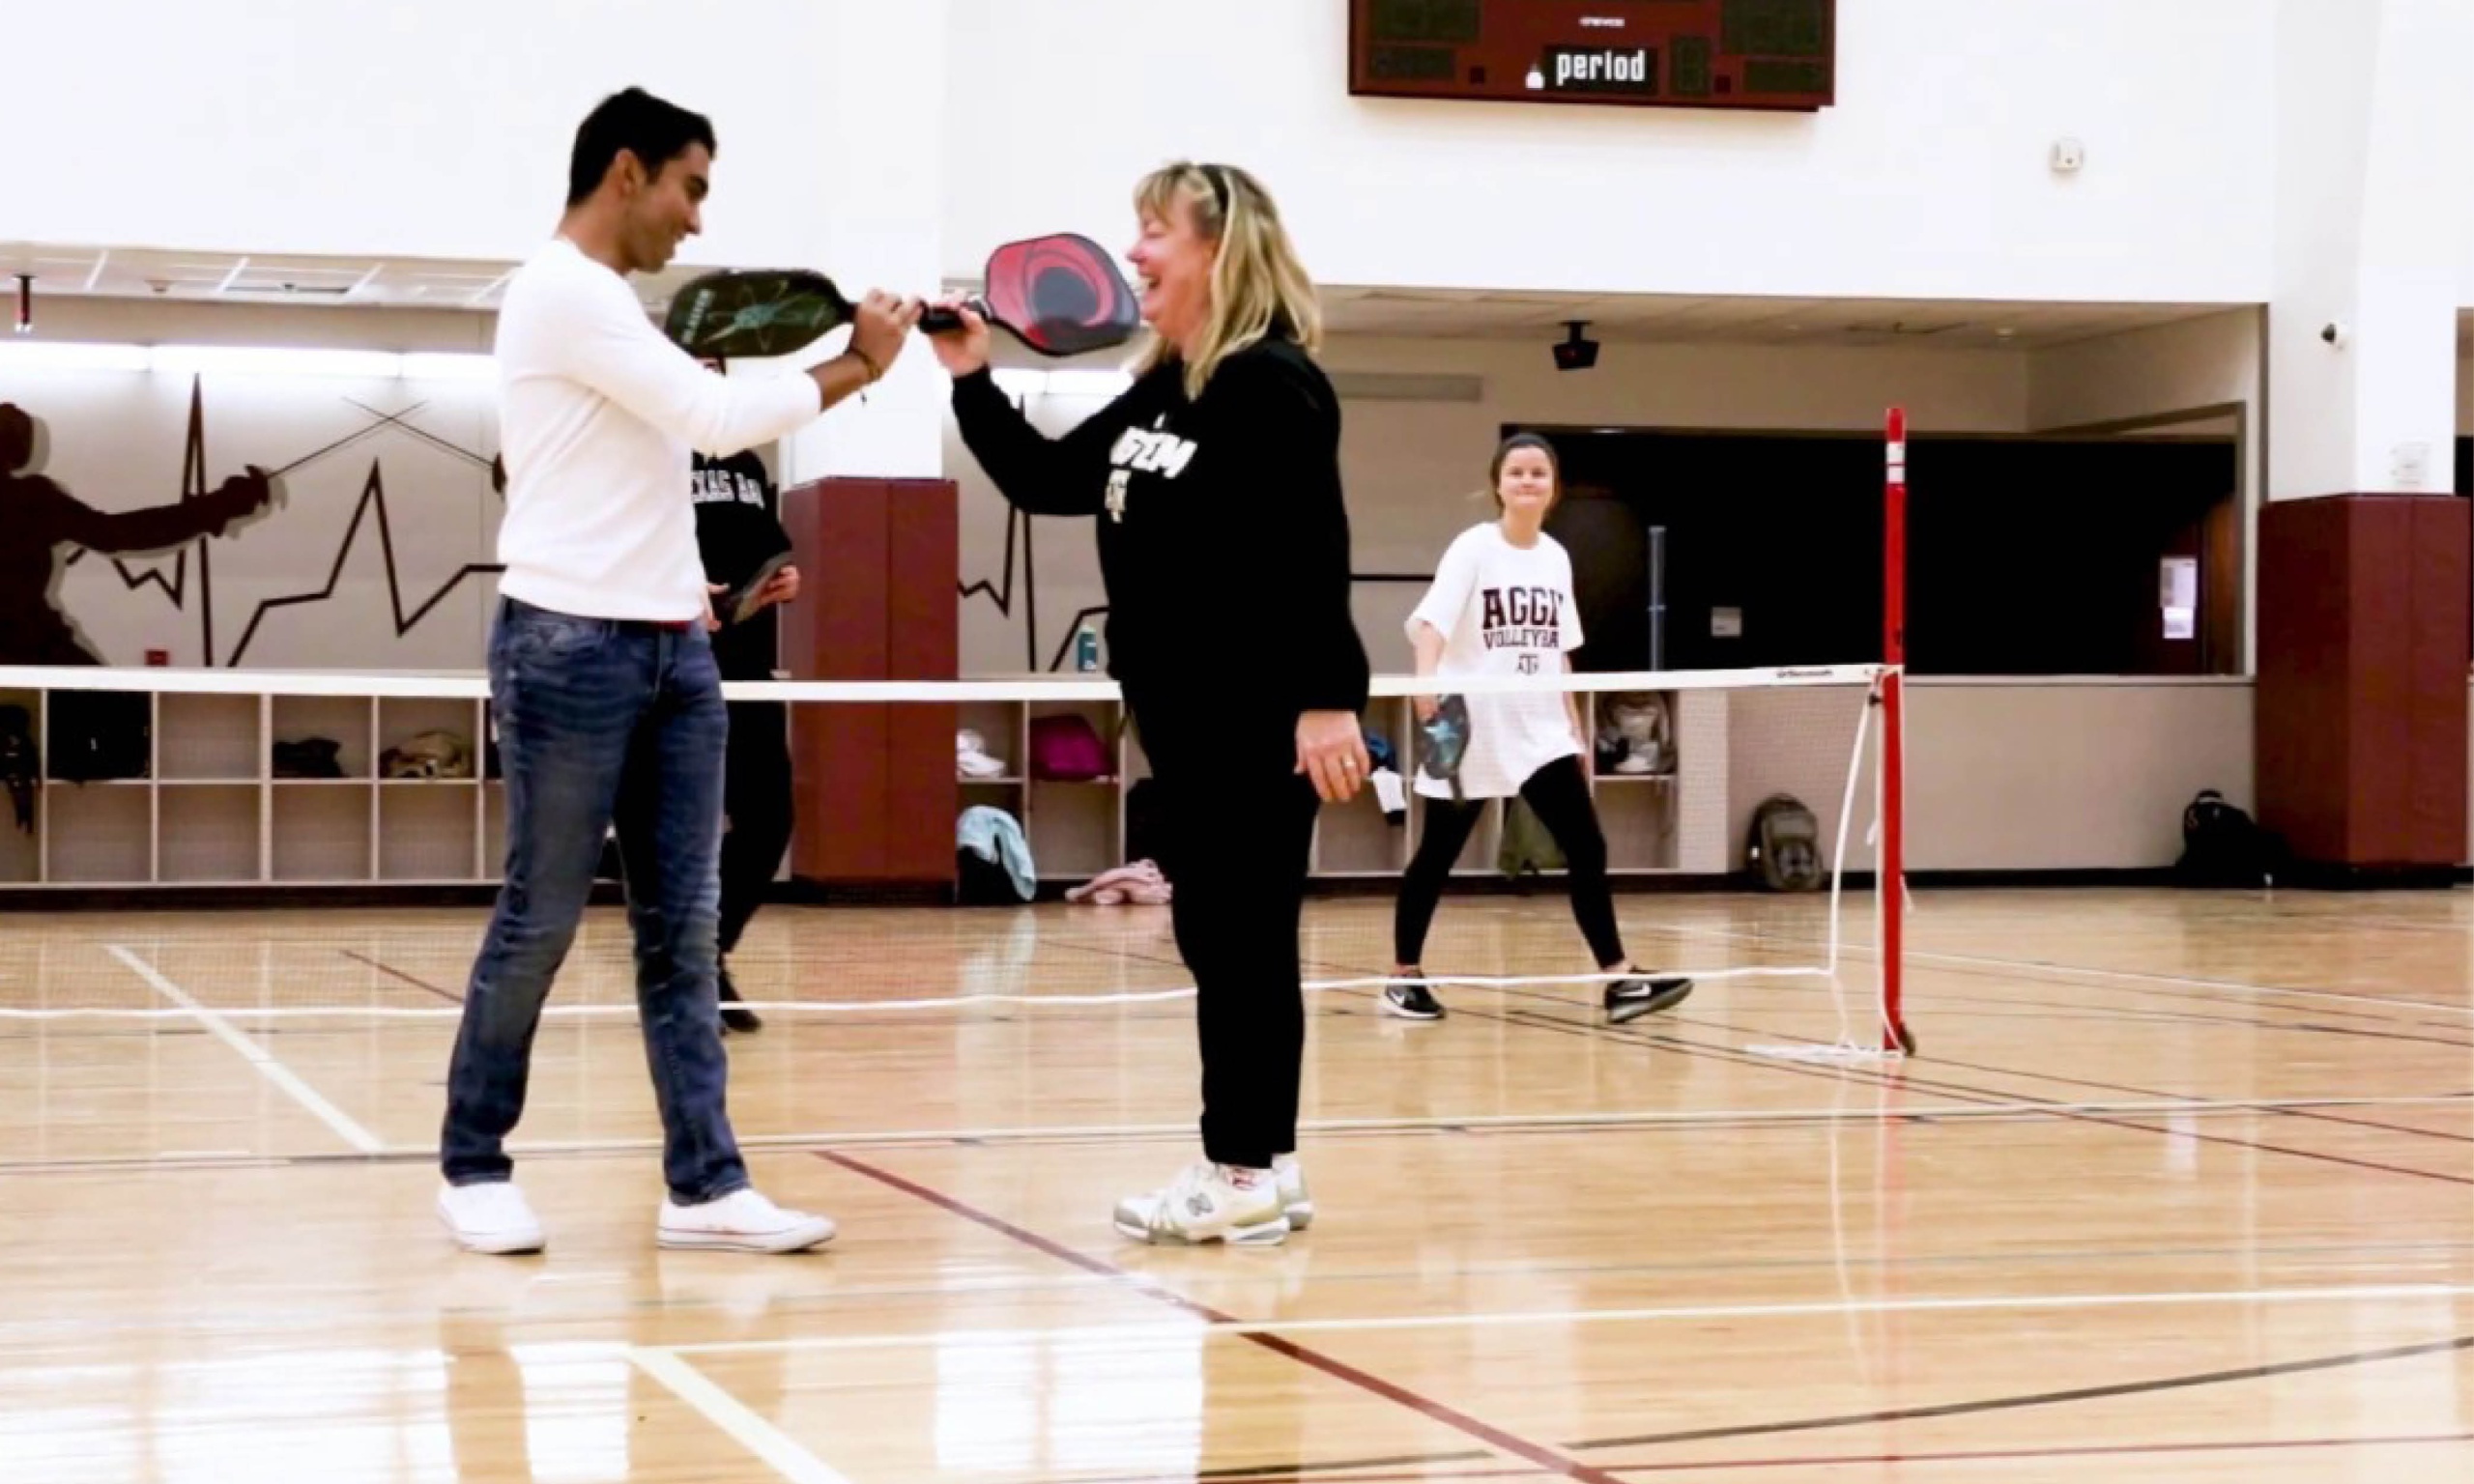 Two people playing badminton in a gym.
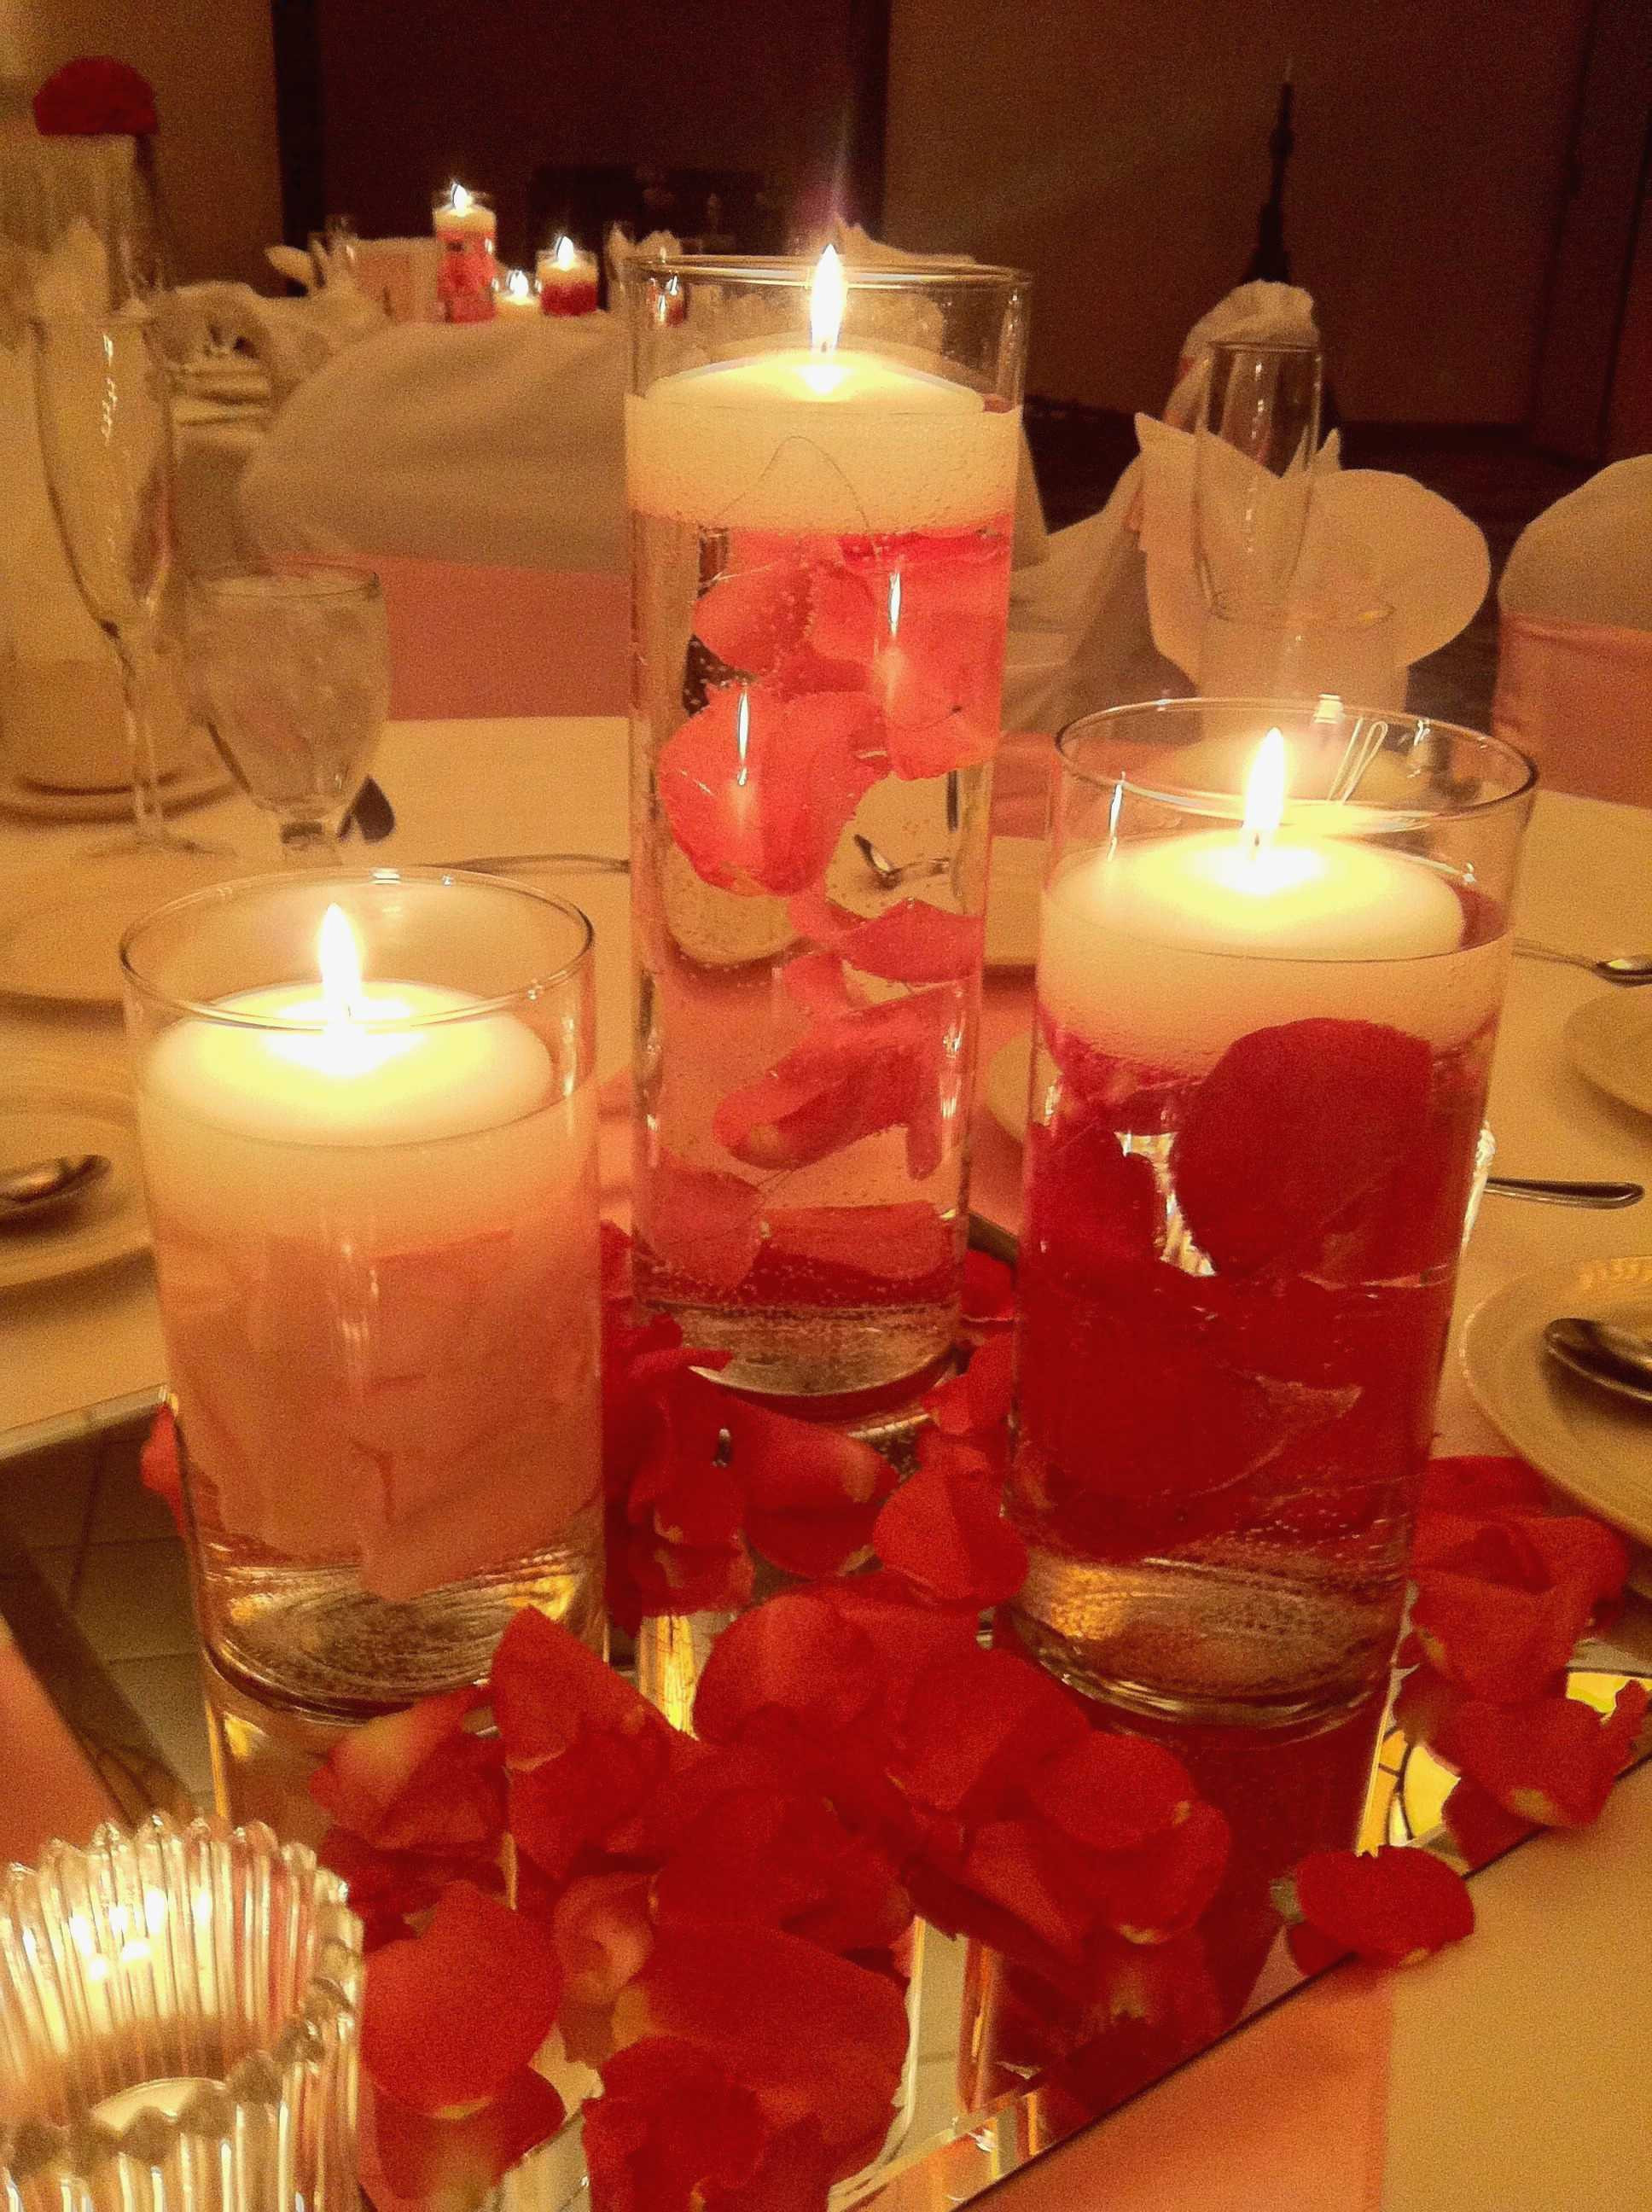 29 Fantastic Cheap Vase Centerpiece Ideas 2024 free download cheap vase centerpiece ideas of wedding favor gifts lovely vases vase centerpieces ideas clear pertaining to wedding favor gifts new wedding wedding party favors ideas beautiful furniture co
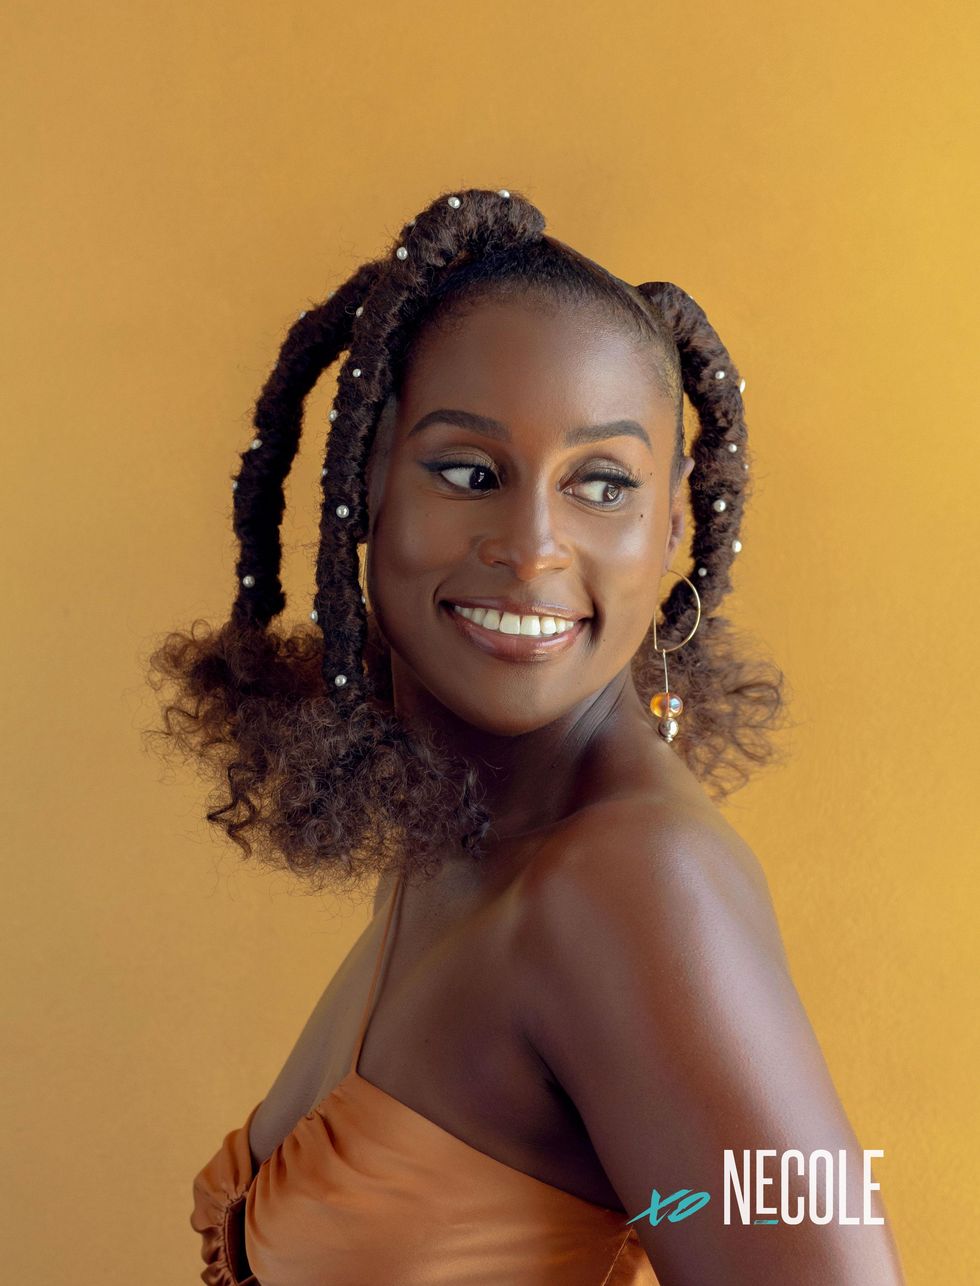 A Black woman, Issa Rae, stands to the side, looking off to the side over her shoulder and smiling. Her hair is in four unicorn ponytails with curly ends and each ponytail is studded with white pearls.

- Task to complete
Before writing out the material above, please remove its pictures; everything else stays exact.

- Solved exercise
 Two people playing badminton in a gym.
 29 Fantastic Cheap Vase Centerpiece Ideas 2024 free download cheap vase centerpiece ideas of wedding favor gifts lovely vases vase centerpieces ideas clear pertaining to wedding favor gifts new wedding wedding party favors ideas beautiful furniture co
 A Black woman, Issa Rae, stands to the side, looking off to the side over her shoulder and smiling. Her hair is in four unicorn ponytails with curly ends and each ponytail is studded with white pearls.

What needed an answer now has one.